Q4’s high teens set the stage—here’s the horizon:
- Rural Ramp: Volume growth + rural recovery = 8-10% FY26 (X posts).
- Stock Spark: ₹657.2 now—₹717-₹775 by July (Motilal Oswal) if foods hit 12%.
- Global Glory: Mid-teen consistency—Bangladesh could double FY26 exports (wegro_app).

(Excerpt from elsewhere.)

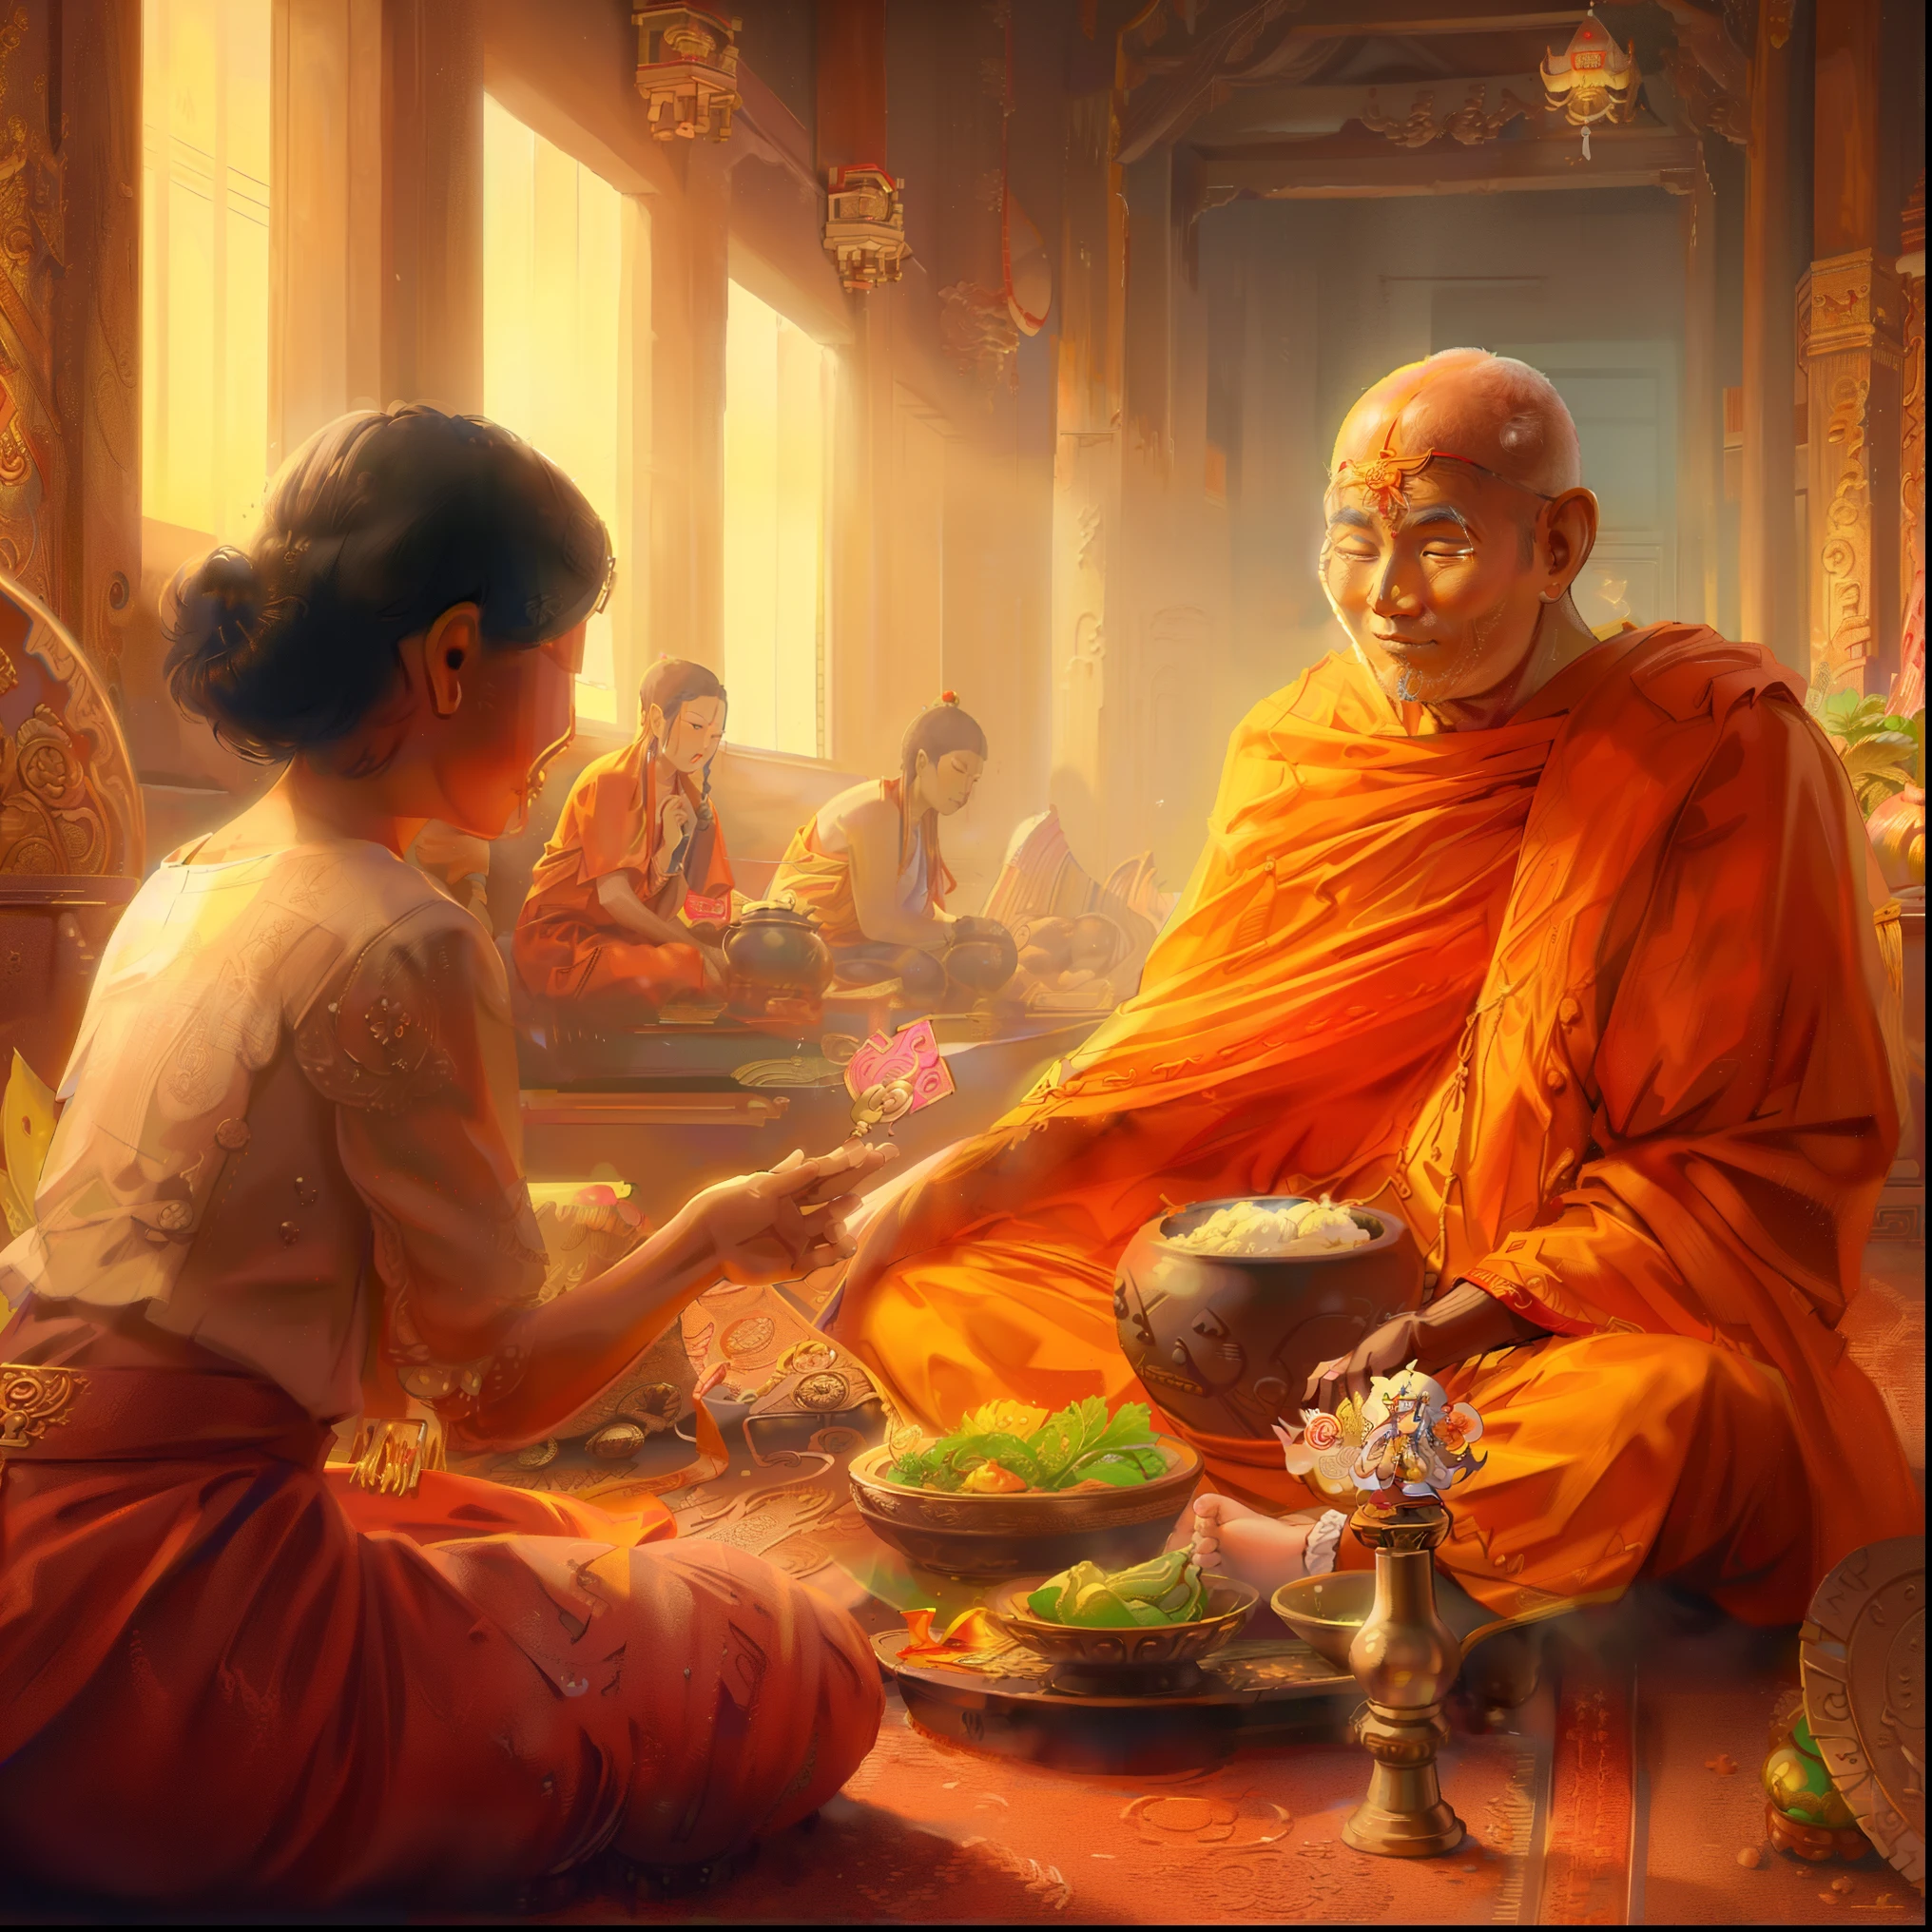 buddhist monk giving food to a young girl in a temple, tithi luadthong, by John La Gatta, buddhist, thailand art, buddhist monk, beautiful depiction, by Pablo Munoz Gomez, by Alexander Kucharsky, begging for alms, buddhism, monk meditate, buddhist monk meditating, by Harrington Mann, by Raymond Han, in a temple
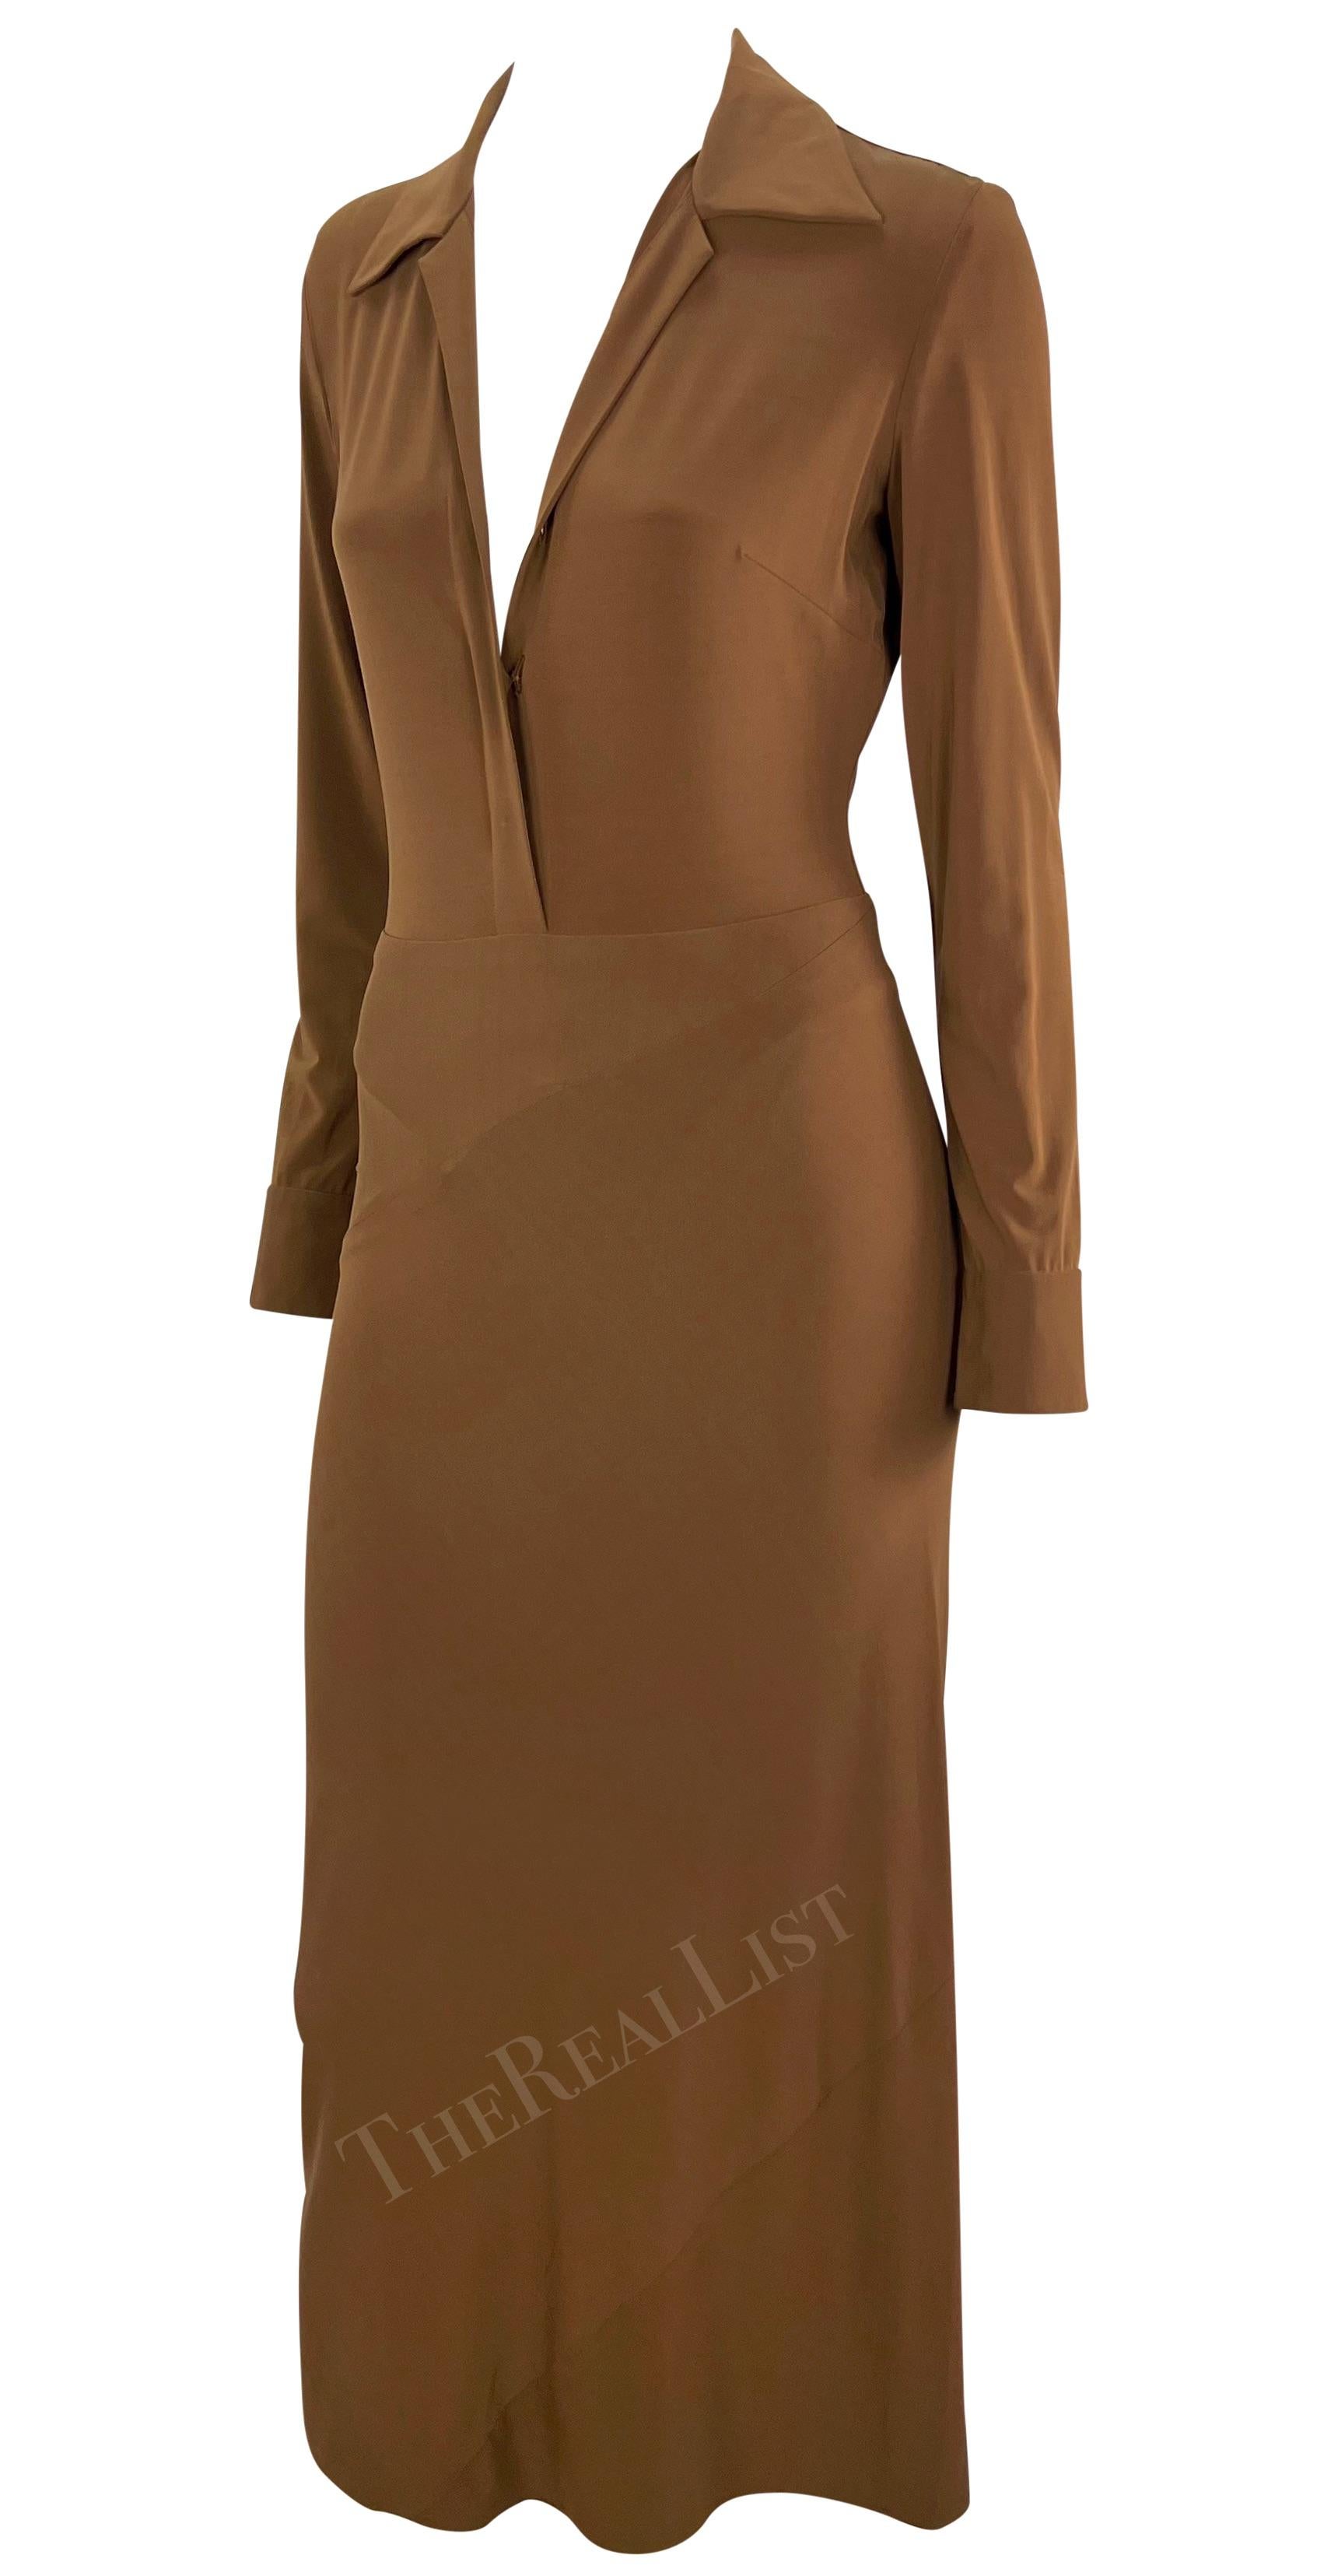 S/S 1996 Donna Karan Runway Light Brown Plunging Bodycon Dress For Sale 6

- Risks: Copra costs (Q3’s 210 bps margin dip, Tickertape) or urban premium lag (Business Standard).
Why This Hits Home
For investors, ₹657.2—53.03 P/E (Value Research)—is a dip with 18.6% yearly upside (Financial Express). For India, rural demand lifts villages—5.6 million outlets hum (Upstox). For Marico, it’s momentum—Q4’s a springboard to FY26’s double digits (TradeBulls_2212). X summed it: “Marico’s Q4—rural + Saffola = winner!”
Wrapping Up: Marico’s Near-1% Triumph
Marico shares rising 0.92% to ₹662.5 on April 2, 2025, post-Q4 FY25 update is a vibe. From Tuesday’s ₹656.45 to Wednesday’s ₹657.2 hold, this Mumbai FMCG star—stable demand, rural uptick, Saffola’s 20%+ roar—nails it. International mid-teen growth and a ₹85,056 crore cap (Value Research) seal the deal. Outpacing NIFTY’s blah day, Marico’s key details—volume, resilience, ambition—point up. Next stop? Double-digit FY26—watch this space!
Key Highlights
- 0.92% Rise: ₹662.5 peak, ₹657.2 at 1:53 PM—rural shines.
- Q4 Volume Uptick: India grows, Parachute dips, Saffola soars 20%+.
- Mid-Teen Global: Bangladesh, MENA, South Africa double-digit.
- High-Teen Revenue: FY26 double-digit goals in sight.
- Market Cap: ₹85,056 crore—32.08% yearly gain (Business Standard).